**** RECORDS SHOWN ****
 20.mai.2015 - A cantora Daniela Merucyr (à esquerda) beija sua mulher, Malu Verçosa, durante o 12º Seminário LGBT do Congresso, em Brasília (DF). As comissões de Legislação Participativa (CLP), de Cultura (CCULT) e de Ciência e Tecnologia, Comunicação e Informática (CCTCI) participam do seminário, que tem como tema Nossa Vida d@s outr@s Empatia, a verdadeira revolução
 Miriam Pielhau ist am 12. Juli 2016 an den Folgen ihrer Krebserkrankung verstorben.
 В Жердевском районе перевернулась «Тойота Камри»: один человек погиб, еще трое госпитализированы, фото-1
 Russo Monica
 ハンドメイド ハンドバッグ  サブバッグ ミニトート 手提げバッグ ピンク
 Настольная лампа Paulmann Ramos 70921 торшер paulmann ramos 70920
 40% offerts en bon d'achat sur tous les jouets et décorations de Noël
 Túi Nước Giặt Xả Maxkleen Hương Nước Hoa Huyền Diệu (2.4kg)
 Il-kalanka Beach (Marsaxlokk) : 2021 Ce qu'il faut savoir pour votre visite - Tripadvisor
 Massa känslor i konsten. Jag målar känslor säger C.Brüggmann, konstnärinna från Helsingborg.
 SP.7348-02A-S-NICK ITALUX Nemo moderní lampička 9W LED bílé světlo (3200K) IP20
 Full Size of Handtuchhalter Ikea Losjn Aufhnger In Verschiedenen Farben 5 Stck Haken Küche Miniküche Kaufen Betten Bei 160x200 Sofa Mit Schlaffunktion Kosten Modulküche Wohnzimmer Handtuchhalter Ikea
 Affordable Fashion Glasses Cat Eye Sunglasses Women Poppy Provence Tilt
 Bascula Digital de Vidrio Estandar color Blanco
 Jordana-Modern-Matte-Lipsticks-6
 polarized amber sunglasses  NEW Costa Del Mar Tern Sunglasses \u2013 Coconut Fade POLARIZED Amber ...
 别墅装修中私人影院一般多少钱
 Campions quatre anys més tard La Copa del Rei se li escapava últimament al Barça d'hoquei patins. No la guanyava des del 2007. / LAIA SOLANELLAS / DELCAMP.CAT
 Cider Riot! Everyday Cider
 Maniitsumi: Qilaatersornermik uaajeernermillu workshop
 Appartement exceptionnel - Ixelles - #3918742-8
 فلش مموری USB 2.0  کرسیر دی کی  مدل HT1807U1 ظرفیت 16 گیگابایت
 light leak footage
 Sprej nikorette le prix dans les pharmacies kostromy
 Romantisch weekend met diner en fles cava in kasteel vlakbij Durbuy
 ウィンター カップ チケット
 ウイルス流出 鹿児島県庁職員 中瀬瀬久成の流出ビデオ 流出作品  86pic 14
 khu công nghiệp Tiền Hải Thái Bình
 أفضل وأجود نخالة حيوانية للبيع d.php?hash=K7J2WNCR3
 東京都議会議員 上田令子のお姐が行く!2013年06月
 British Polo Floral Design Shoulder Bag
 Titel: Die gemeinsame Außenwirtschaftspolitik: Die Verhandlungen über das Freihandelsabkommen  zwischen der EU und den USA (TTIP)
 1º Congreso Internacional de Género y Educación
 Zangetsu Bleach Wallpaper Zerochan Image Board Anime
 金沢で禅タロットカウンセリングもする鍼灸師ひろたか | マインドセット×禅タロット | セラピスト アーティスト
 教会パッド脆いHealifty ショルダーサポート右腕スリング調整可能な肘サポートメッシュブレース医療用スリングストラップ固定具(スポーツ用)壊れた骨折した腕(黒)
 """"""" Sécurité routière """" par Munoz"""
****
Exactly as they appear above, give the entries again.

 20.mai.2015 - A cantora Daniela Merucyr (à esquerda) beija sua mulher, Malu Verçosa, durante o 12º Seminário LGBT do Congresso, em Brasília (DF). As comissões de Legislação Participativa (CLP), de Cultura (CCULT) e de Ciência e Tecnologia, Comunicação e Informática (CCTCI) participam do seminário, que tem como tema Nossa Vida d@s outr@s Empatia, a verdadeira revolução
 Miriam Pielhau ist am 12. Juli 2016 an den Folgen ihrer Krebserkrankung verstorben.
 В Жердевском районе перевернулась «Тойота Камри»: один человек погиб, еще трое госпитализированы, фото-1
 Russo Monica
 ハンドメイド ハンドバッグ  サブバッグ ミニトート 手提げバッグ ピンク
 Настольная лампа Paulmann Ramos 70921 торшер paulmann ramos 70920
 40% offerts en bon d'achat sur tous les jouets et décorations de Noël
 Túi Nước Giặt Xả Maxkleen Hương Nước Hoa Huyền Diệu (2.4kg)
 Il-kalanka Beach (Marsaxlokk) : 2021 Ce qu'il faut savoir pour votre visite - Tripadvisor
 Massa känslor i konsten. Jag målar känslor säger C.Brüggmann, konstnärinna från Helsingborg.
 SP.7348-02A-S-NICK ITALUX Nemo moderní lampička 9W LED bílé světlo (3200K) IP20
 Full Size of Handtuchhalter Ikea Losjn Aufhnger In Verschiedenen Farben 5 Stck Haken Küche Miniküche Kaufen Betten Bei 160x200 Sofa Mit Schlaffunktion Kosten Modulküche Wohnzimmer Handtuchhalter Ikea
 Affordable Fashion Glasses Cat Eye Sunglasses Women Poppy Provence Tilt
 Bascula Digital de Vidrio Estandar color Blanco
 Jordana-Modern-Matte-Lipsticks-6
 polarized amber sunglasses  NEW Costa Del Mar Tern Sunglasses \u2013 Coconut Fade POLARIZED Amber ...
 别墅装修中私人影院一般多少钱
 Campions quatre anys més tard La Copa del Rei se li escapava últimament al Barça d'hoquei patins. No la guanyava des del 2007. / LAIA SOLANELLAS / DELCAMP.CAT
 Cider Riot! Everyday Cider
 Maniitsumi: Qilaatersornermik uaajeernermillu workshop
 Appartement exceptionnel - Ixelles - #3918742-8
 فلش مموری USB 2.0  کرسیر دی کی  مدل HT1807U1 ظرفیت 16 گیگابایت
 light leak footage
 Sprej nikorette le prix dans les pharmacies kostromy
 Romantisch weekend met diner en fles cava in kasteel vlakbij Durbuy
 ウィンター カップ チケット
 ウイルス流出 鹿児島県庁職員 中瀬瀬久成の流出ビデオ 流出作品  86pic 14
 khu công nghiệp Tiền Hải Thái Bình
 أفضل وأجود نخالة حيوانية للبيع d.php?hash=K7J2WNCR3
 東京都議会議員 上田令子のお姐が行く!2013年06月
 British Polo Floral Design Shoulder Bag
 Titel: Die gemeinsame Außenwirtschaftspolitik: Die Verhandlungen über das Freihandelsabkommen  zwischen der EU und den USA (TTIP)
 1º Congreso Internacional de Género y Educación
 Zangetsu Bleach Wallpaper Zerochan Image Board Anime
 金沢で禅タロットカウンセリングもする鍼灸師ひろたか | マインドセット×禅タロット | セラピスト アーティスト
 教会パッド脆いHealifty ショルダーサポート右腕スリング調整可能な肘サポートメッシュブレース医療用スリングストラップ固定具(スポーツ用)壊れた骨折した腕(黒)
 """"""" Sécurité routière """" par Munoz"""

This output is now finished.